EXERCISE OBJECTIVE:
Find the line below with "2016 - The Wedding of Adriana & Pascal" and the line with "Bures to Sudbury Walk". Output them and the lines between, exactly, but not the pictures.

DATA IN THIS EXERCISE:
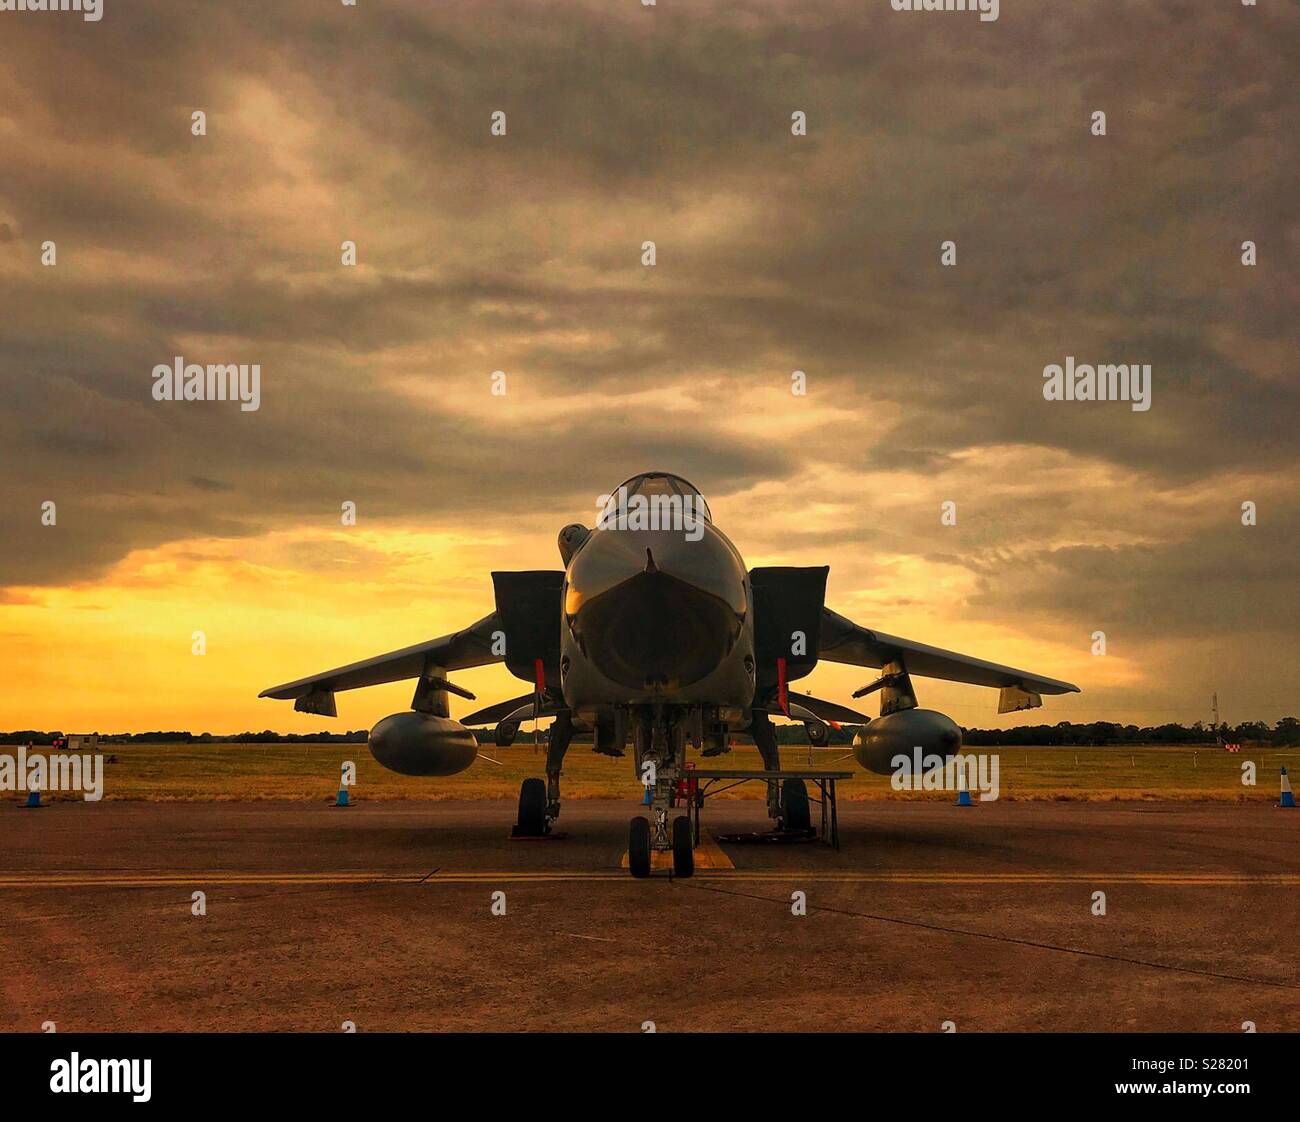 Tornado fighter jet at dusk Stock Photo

* * *

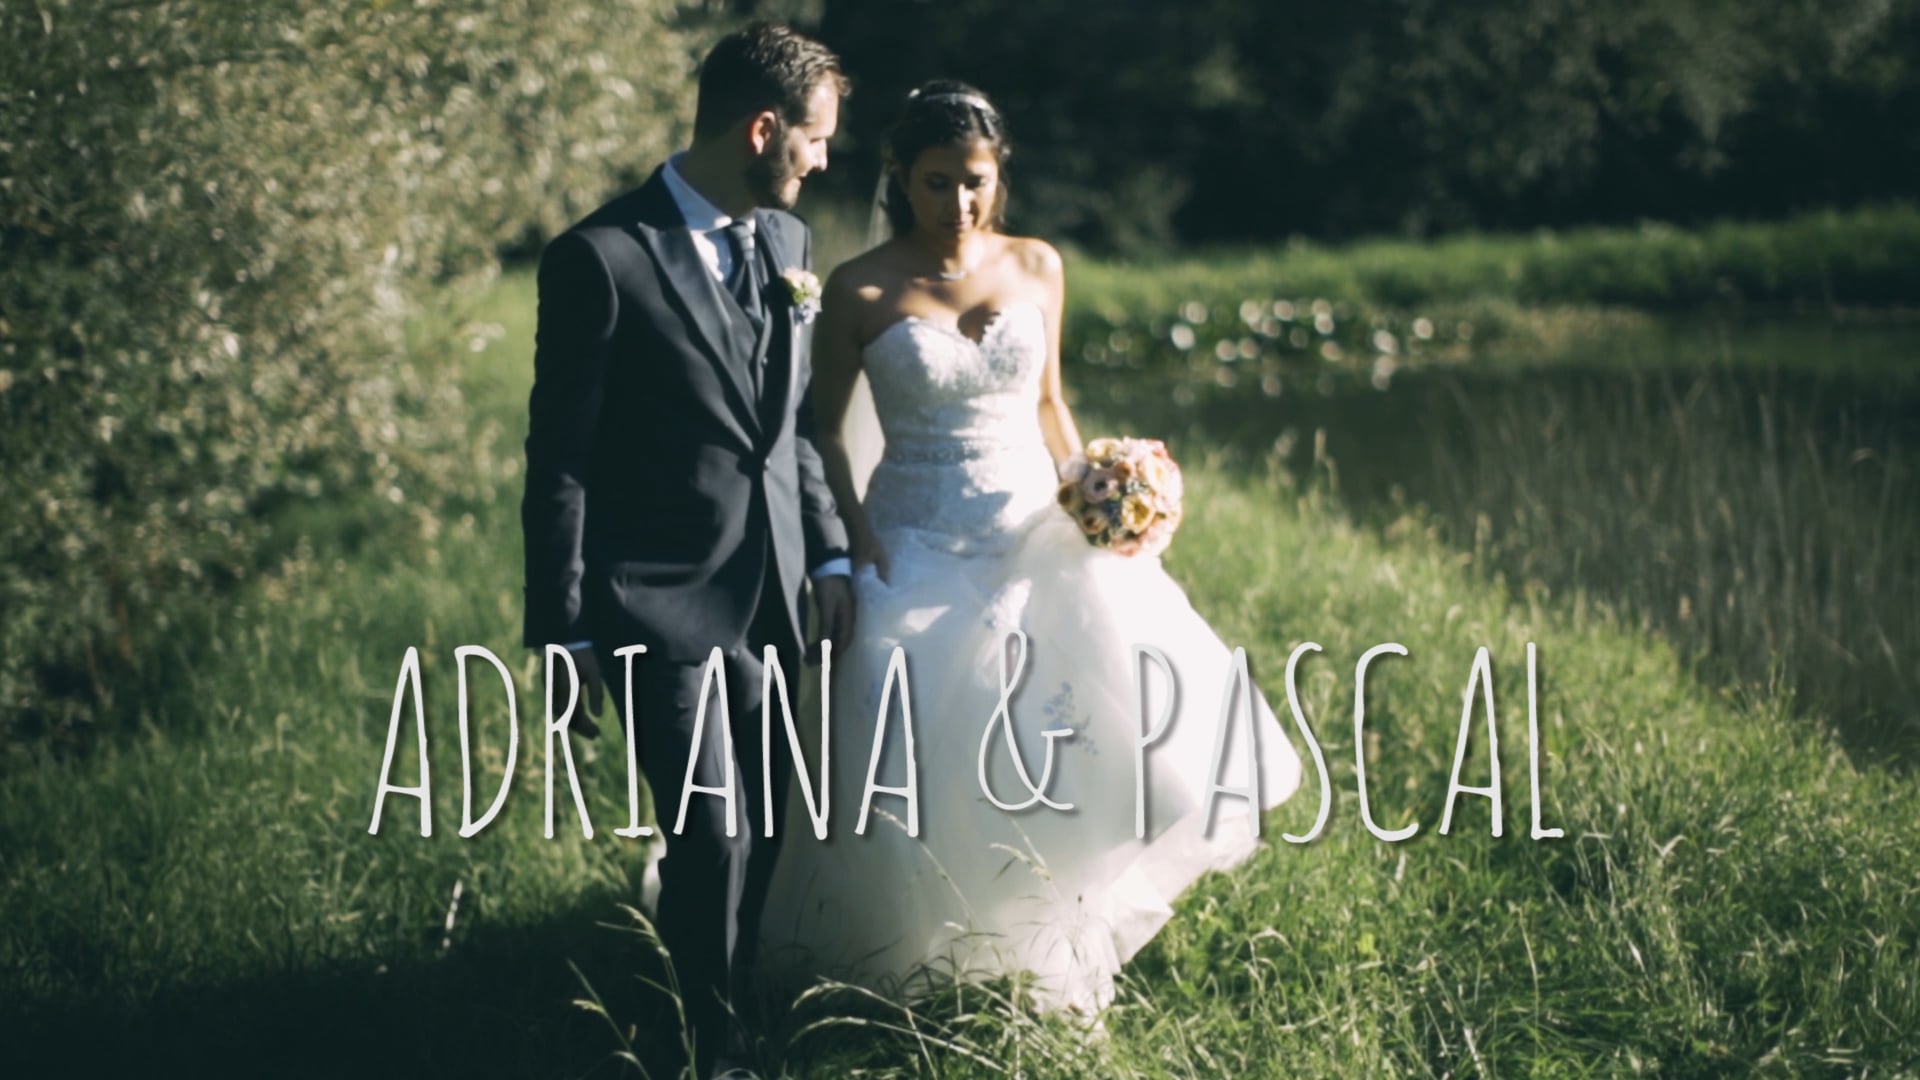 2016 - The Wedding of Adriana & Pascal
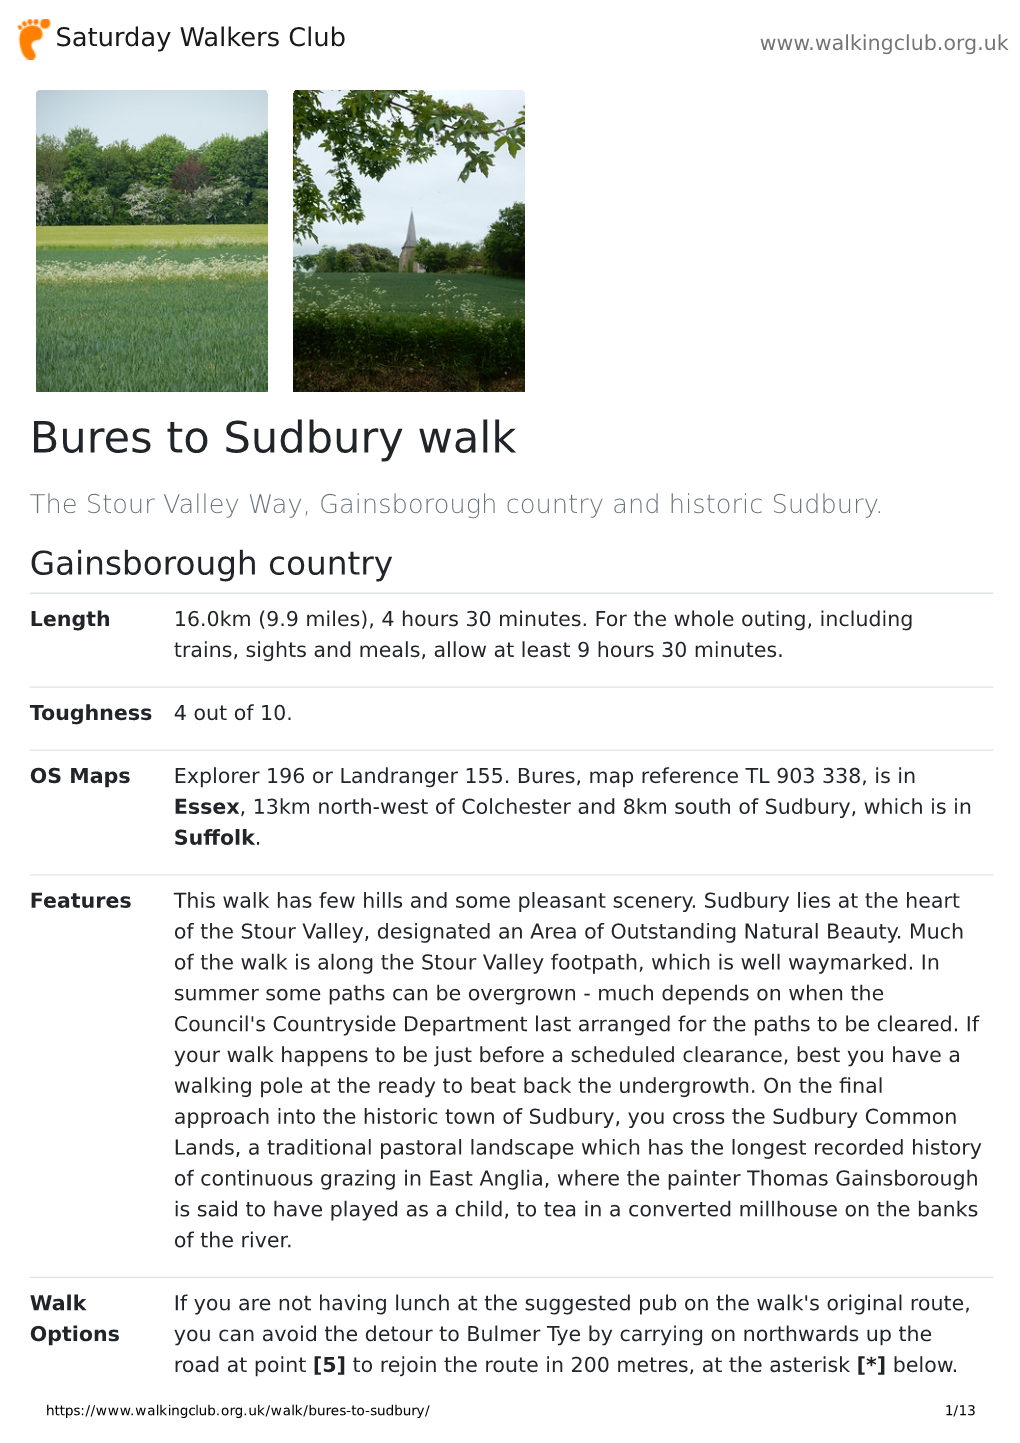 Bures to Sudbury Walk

ANSWER SPACE:
 2016 - The Wedding of Adriana & Pascal
 Bures to Sudbury Walk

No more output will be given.